- [What is being asked]: The lines below must be transcribed exactly as given, with the images removed.

- [The data]:
*** Block opens ***
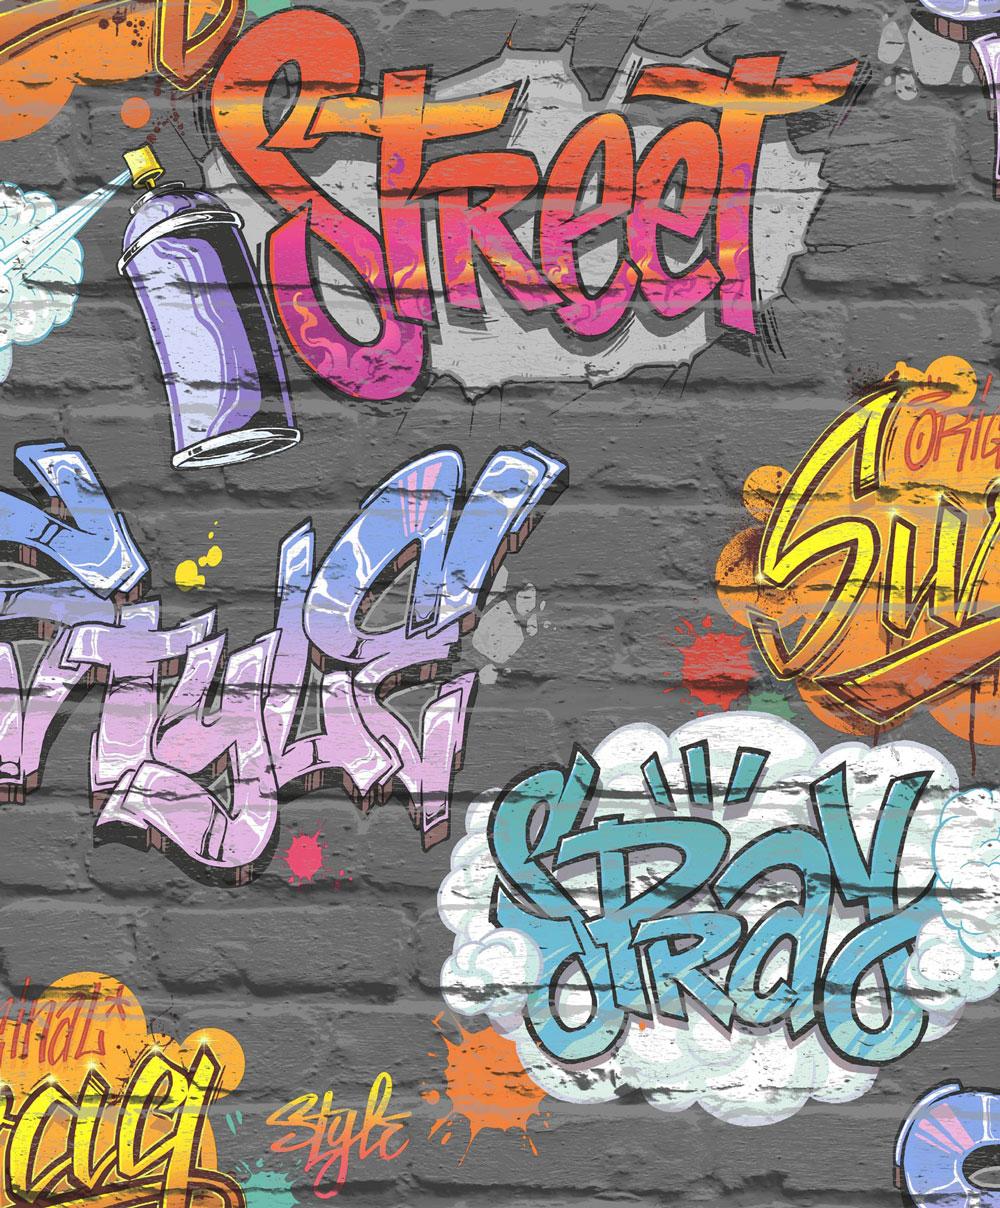 Albany Graffiti Tag Black Wallpaper Main Image
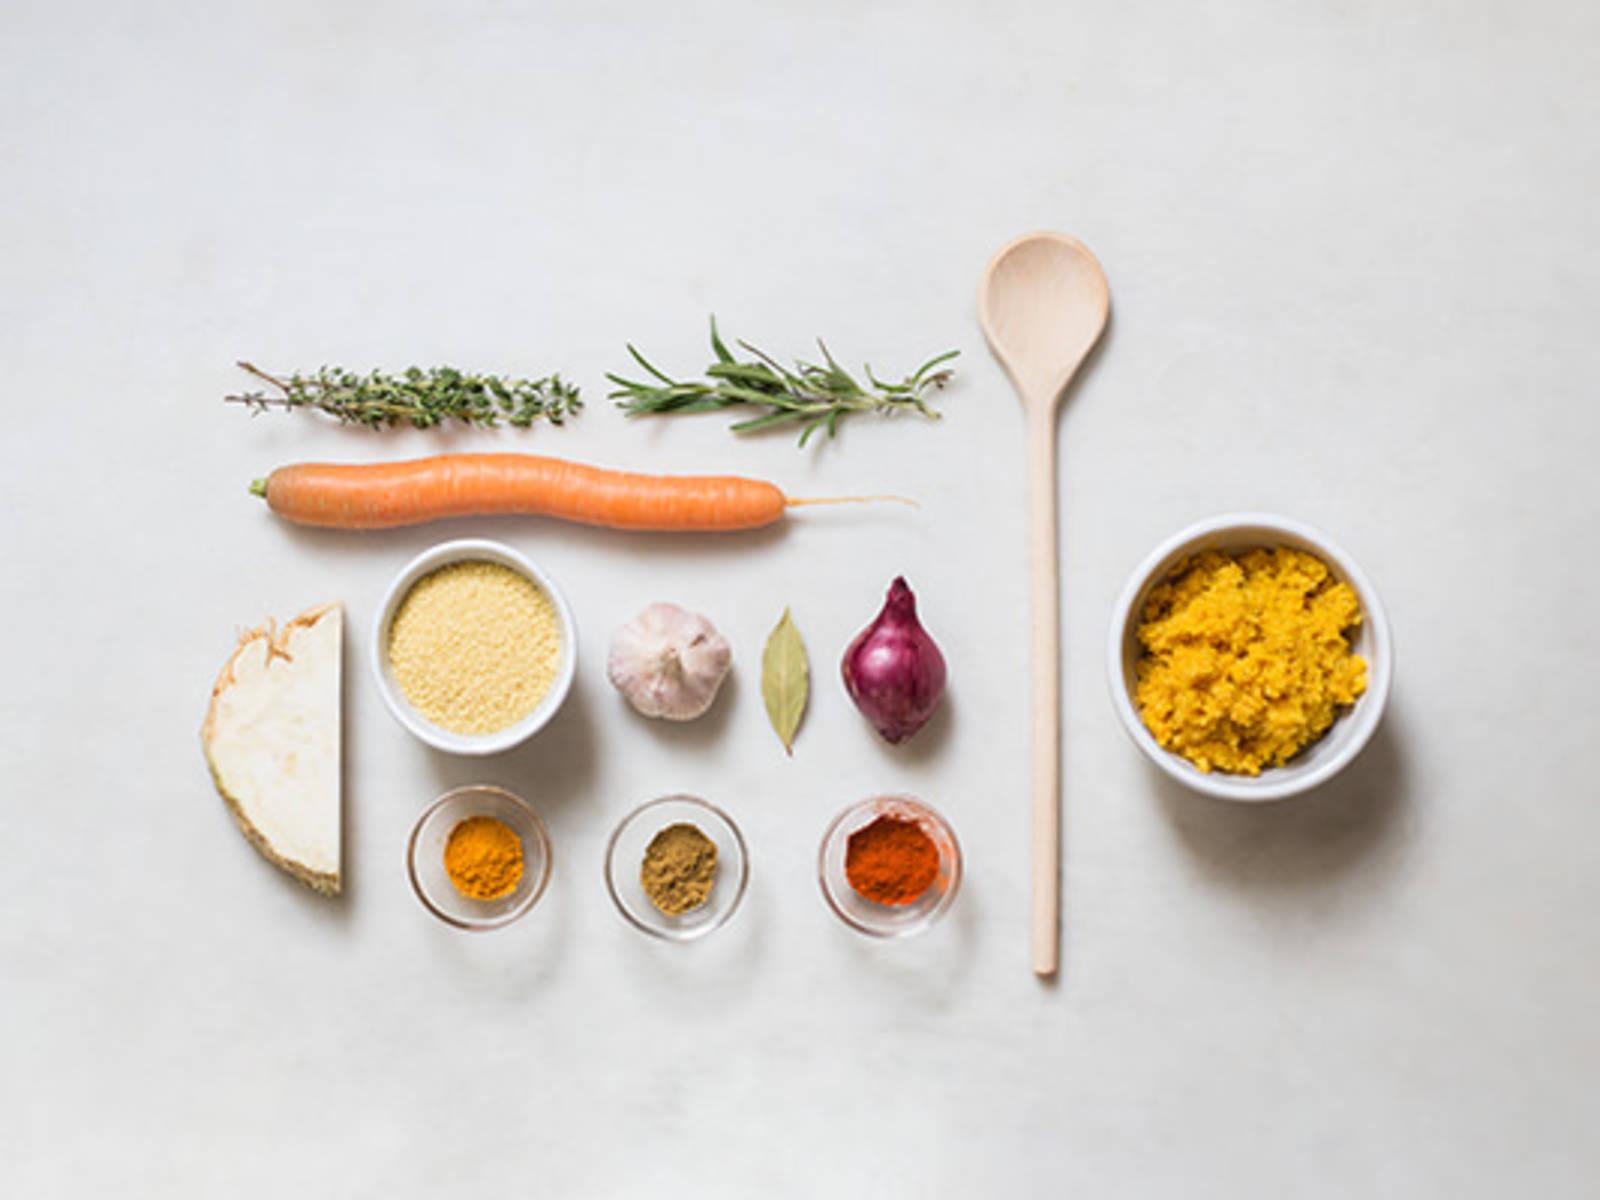 Würzigen Couscous zubereiten
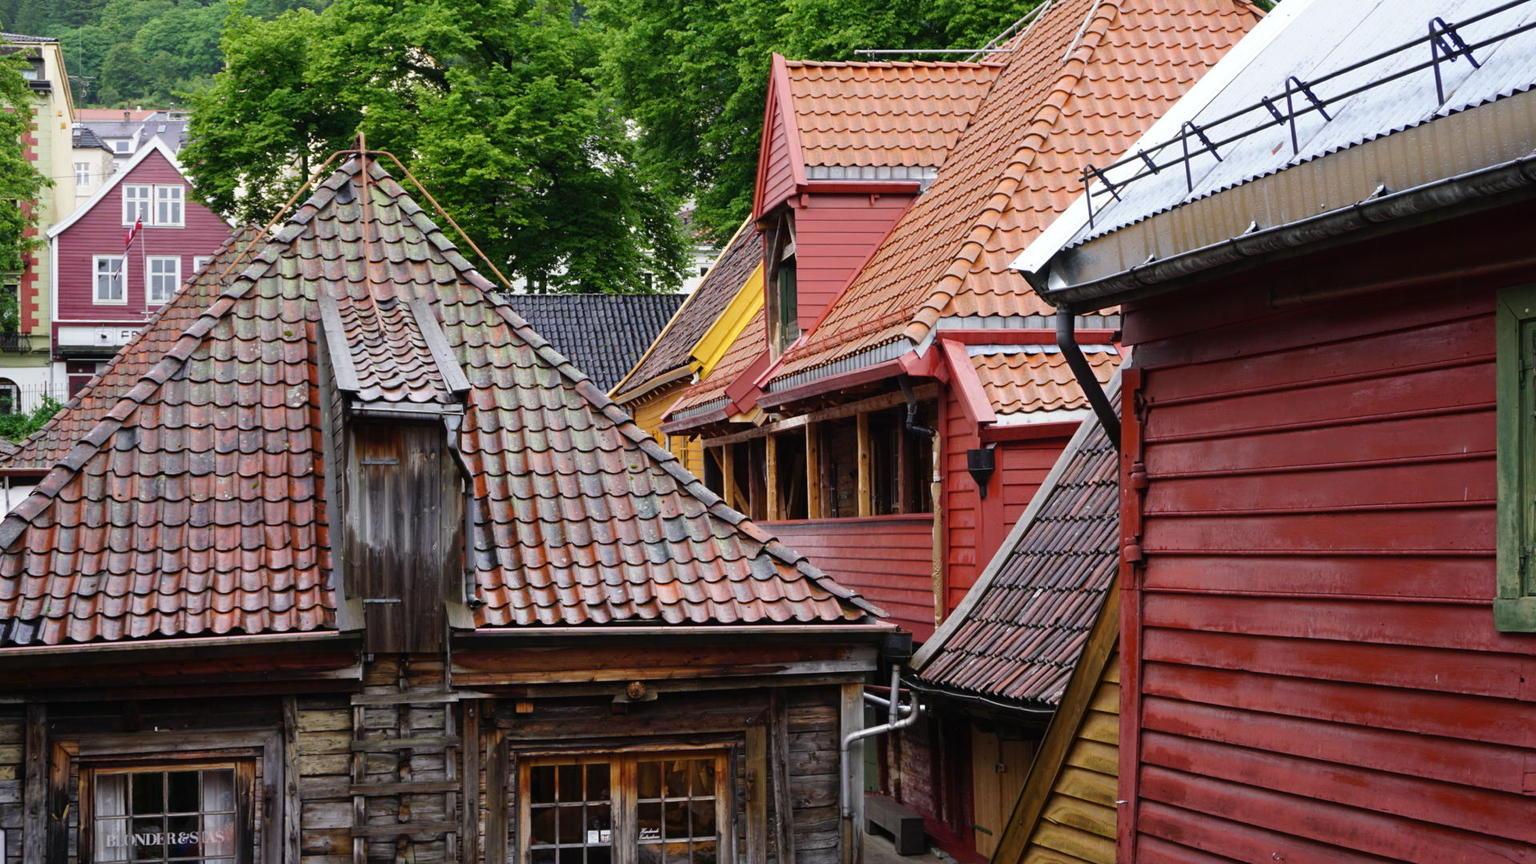 MÁS FOTOS, Tour turístico por la ciudad de Bergen en autobús con paradas libres
*** Block closes ***
- [Response to this task]:
 Albany Graffiti Tag Black Wallpaper Main Image
 Würzigen Couscous zubereiten
 MÁS FOTOS, Tour turístico por la ciudad de Bergen en autobús con paradas libres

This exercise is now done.